Между тем это высказывание мемуаристки — своего рода скрижаль: им княгиня Волконская подытожила долгие размышления о Пушкине и его «утаённой любви».
Уяснить подлинный смысл фразы можно только в едином контексте с предшествующими мемуарными строками Марии Николаевны. Тогда перед читателем открывается следующая картина.
Мемуаристка процитировала страстные, к ней обращенные, пушкинские стихи:
Как я завидовал волнам,
Бегущим бурной чередою
С любовью лечь к ее ногам!
Как я желал тогда с волнами
Коснуться милых ног устами!
Далее был приведен проникновенный отрывок из «Бахчисарайского фонтана», также указывающий на Марию Раевскую.

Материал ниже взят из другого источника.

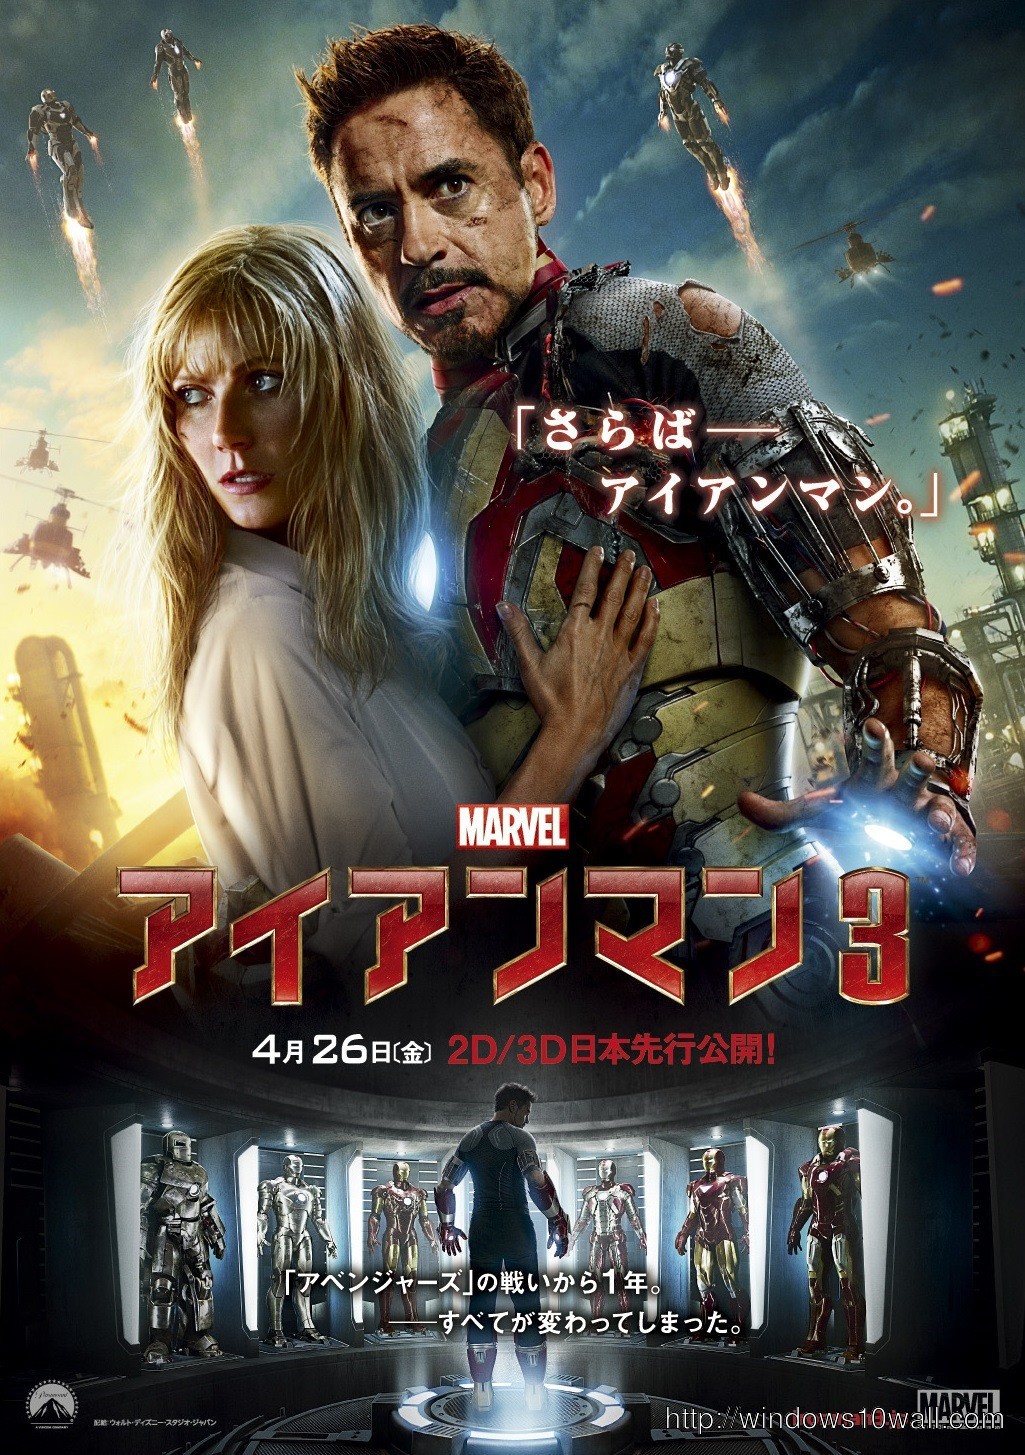 Iron Man 3 hd wallpaper free

И буквально тут же, в соседней строке, княгиня Волконская вывела вот что:
«В сущности, он любил лишь свою Музу и облекал в поэзию всё, что видел».
Вне указанного контекста данная (выделенная нами) формула Марии Николаевны воспринимается как лапидарная оценка всего творчества Пушкина. Но в контексте она обретает совершенно иное, уже не обобщенное, а вполне конкретное значение.
Тут смысл мемуарной фразы разительно меняется и становится, видимо, таким (или примерно таким): Пушкин в стихах (в том числе приведенных) уверял меня в своей любви, на все лады воспевал это чувство, однако, как оказалось, по-настоящему он обожал вовсе не меня, а свою Музу, ее одну. Я же (наравне с прочими встреченными им женщинами) была необходима Пушкину лишь как «милый предмет», проще говоря — как счастливо подвернувшийся материал для его талантливой эгоистической поэзии.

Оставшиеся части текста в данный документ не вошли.